313 rows × 2 columns

Filtering string values#

You can also filter for string values that contain or start with a certain phrase using .str attribute. Here only a couple of examples will be mentioned, but you can explore more options in the pandas documentation.

.str attribute only works for a pandas series, which is just a 1D NumPy array with additional labels from pandas [Pandas, 2025]. In this case you would need to select a single row or column first before filtering for string phrases.

# obtain a Boolean pandas series (i.e. consisting of only True/False values)
# with values that start with "ne"

never_bool = stroke_dataset["smoking_status"].str.startswith("ne")

Some .str methods like .str.contains allow you to search for a case-insensitive phrase using a flags argument. This keyword accepts flags from regular expressions Python library re:

# re.IGNORECASE flag allows you to ignore cases
gov_bool = stroke_dataset["work_type"].str.contains("gov", flags=re.IGNORECASE) 

The series that these methods return can also be used as a condition for filtering pandas rows:

# return entries that contain "gov" in work_type and start with "ne" in smoking_status
stroke_dataset[gov_bool & never_bool]
id gender age hypertension heart_disease ever_married work_type Residence_type avg_glucose_level bmi smoking_status stroke
34 14248 Male 48.0 0 0 No Govt_job Urban 84.20 29.7 never smoked 1
54 8752 Female 63.0 0 0 Yes Govt_job Urban 197.54 NaN never smoked 1
59 5111 Female 54.0 1 0 Yes Govt_job Urban 180.93 27.7 never smoked 1
99 4639 Female 69.0 0 0 Yes Govt_job Urban 82.81 28.0 never smoked 1
101 63973 Female 77.0 0 0 Yes Govt_job Rural 190.32 31.4 never smoked 1
... ... ... ... ... ... ... ... ... ... ... ... ...
5044 27616 Male 33.0 0 0 Yes Govt_job Rural 81.10 24.8 never smoked 0
5053 43496 Female 46.0 0 0 Yes Govt_job Urban 55.84 27.8 never smoked 0
5057 38349 Female 49.0 0 0 Yes Govt_job Urban 69.92 47.6 never smoked 0
5092 56799 Male 76.0 0 0 Yes Govt_job Urban 82.35 38.9 never smoked 0
5096 41512 Male 57.0 0 0 Yes Govt_job Rural 76.62 28.2 never smoked 0

282 rows × 12 columns

Handling missing data#

Conducting statistical analysis with missing data is sometimes non-trivial.
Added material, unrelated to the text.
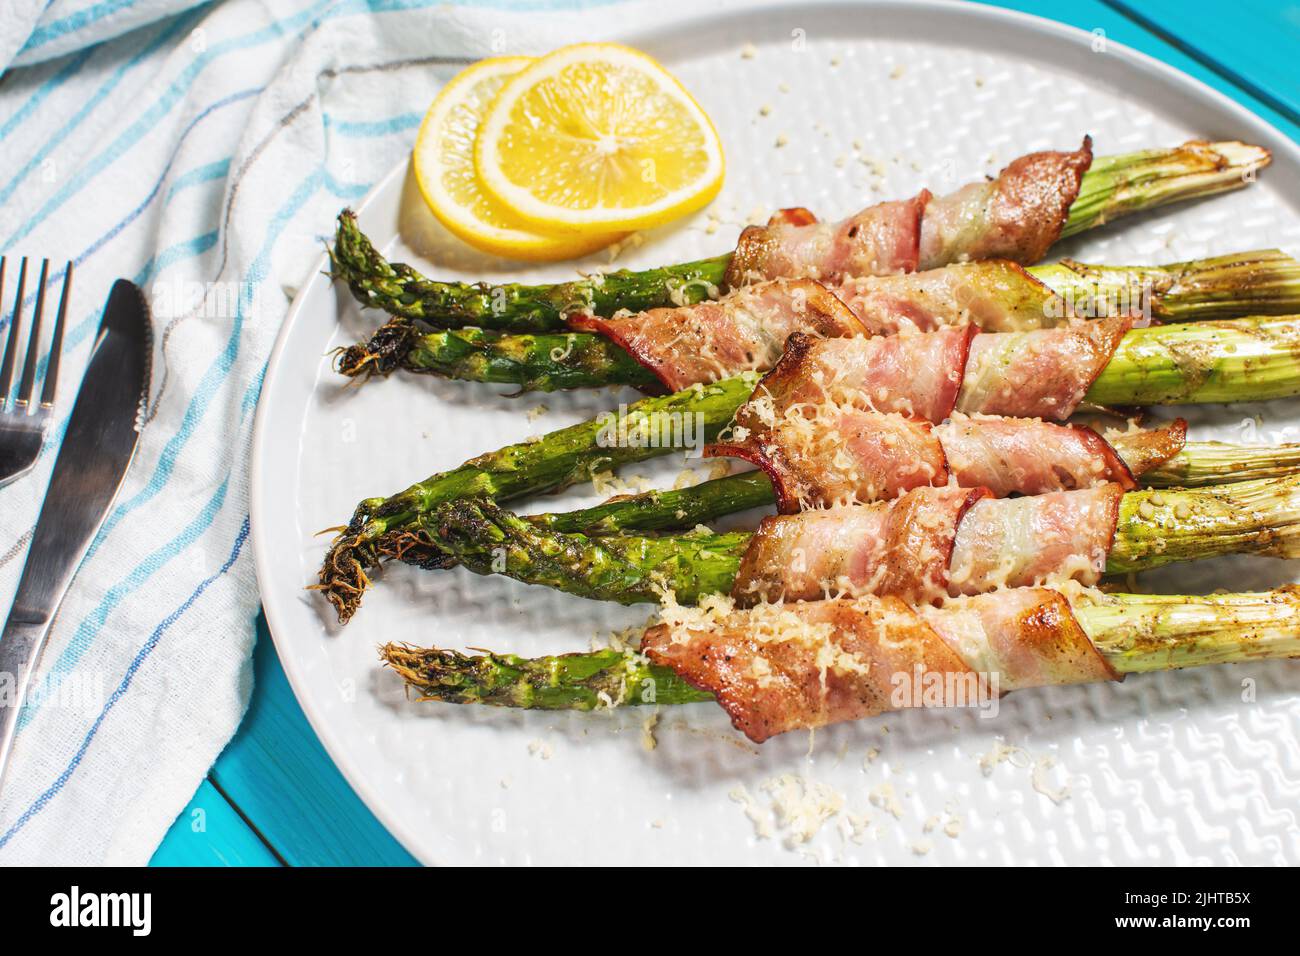 Grilled green asparagus wrapped with bacon. Ketogenic diet. Healthy food, diet menu. Stock Photo

Like in the stroke dataset, you could have an entry that includes values for each column apart from one category. In this section you will learn some useful examples on how to handle this type of data.

Mini-exercise 2

We need to check which columns have missing values in stroke_dataset. Print out unique values for each column apart from “id” and report which categories have unknown data entries.

# your code goes here
💡 Solution

One of the possible ways to achieve this result:

labels = stroke_dataset.columns[1:]  # ignore "id" column

for i in range(0, len(labels)):
    print(labels[i])
    print(stroke_dataset[labels[i]].unique())

# The columns "smoking_status" and "bmi" have missing data.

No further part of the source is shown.